Abby just shrugged, sad and empty.

“I guess it doesn’t matter. It’s too late anyway,” Kate said.

“I guess so.” Abby put her sunglasses on and sniffled.

Kate’s back unclenched. Twelve hours and Abby had scaled her walls. Of course she had. She knew them better than anyone. Just as Kate knew Abby’s and always would. In five years, ten, twenty. It wouldn’t change. At a pool party in Las Vegas, screaming at each other on the Strip, in a club of strangers, they were tethered to one another, not out of want, but because it’s simply who they were.

“Thank you for the apology.” Kate examined Abby in the silence, noting the subtle differences. The new tattoos, her stronger body, a trace of melancholy permeating her features. All evidence of the years gone by without her. She pointed at the grisly scar on her right knee, the unmistakable tread of stitches from surgery. “What happened there?”

“Last summer in Tokyo.”

“What was the game telling you with that?”

Abby chuckled. “That I overstayed my welcome.”

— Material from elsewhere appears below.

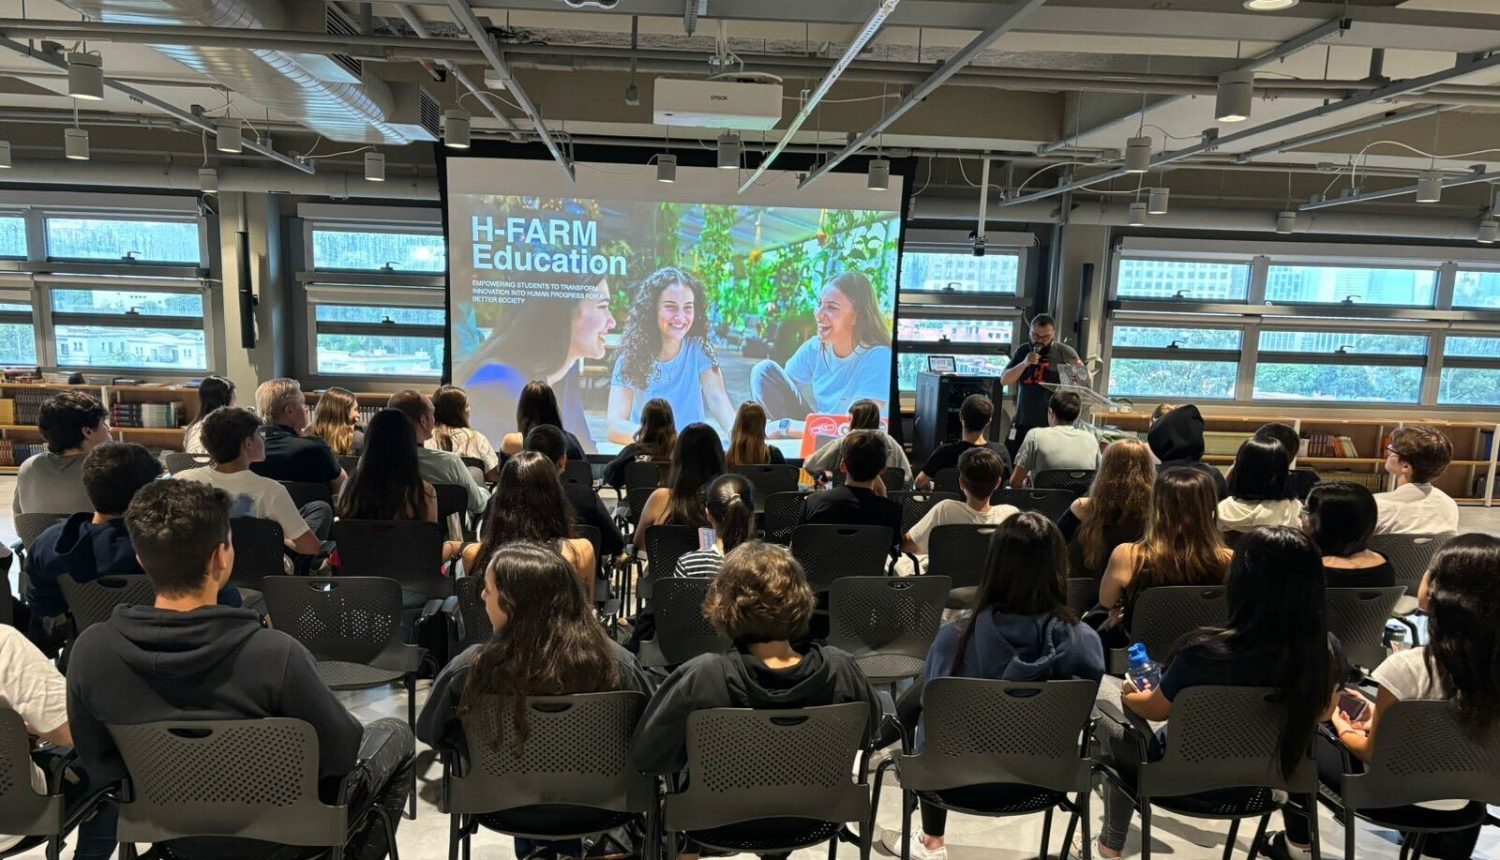 H-FARM College and Spark together for an entrepreneurship hackathon aimed at young students in São Paulo

She had a million more questions. She wanted to know about Abby’s career, her travels, every minute she missed. But another part of her didn’t know if she could take it or, worse, risk falling back under Abby’s spell. “We should meet everyone for brunch.” She stood to leave.

“I don’t want you to hate me,” Abby said, and Kate turned back. “I know I made my bed, but I don’t know if I can leave here without knowing.”

Kate tilted her head. The desperation, that hopelessness she recognized from when they met and that she had always longed to erase, reopened the hollow spot in her chest. “I don’t hate you,” she said with the compulsive lilt she once used for love. “I could never hate you, Abby.”

They hugged. She sighed into Abby’s tight hold, her nose against her chest. Her lungs opened bigger for a breath that soothed her heart’s tattered parts. She didn’t know if either of them would let go if it weren’t for the clapping behind them.

“Oh my God, someone take a picture!” Mick shouted.

“Are you guys going to kiss?” Jill asked.

They pulled away from each other. T.K. appeared to be taking a photo and Mick had her arms raised in victory.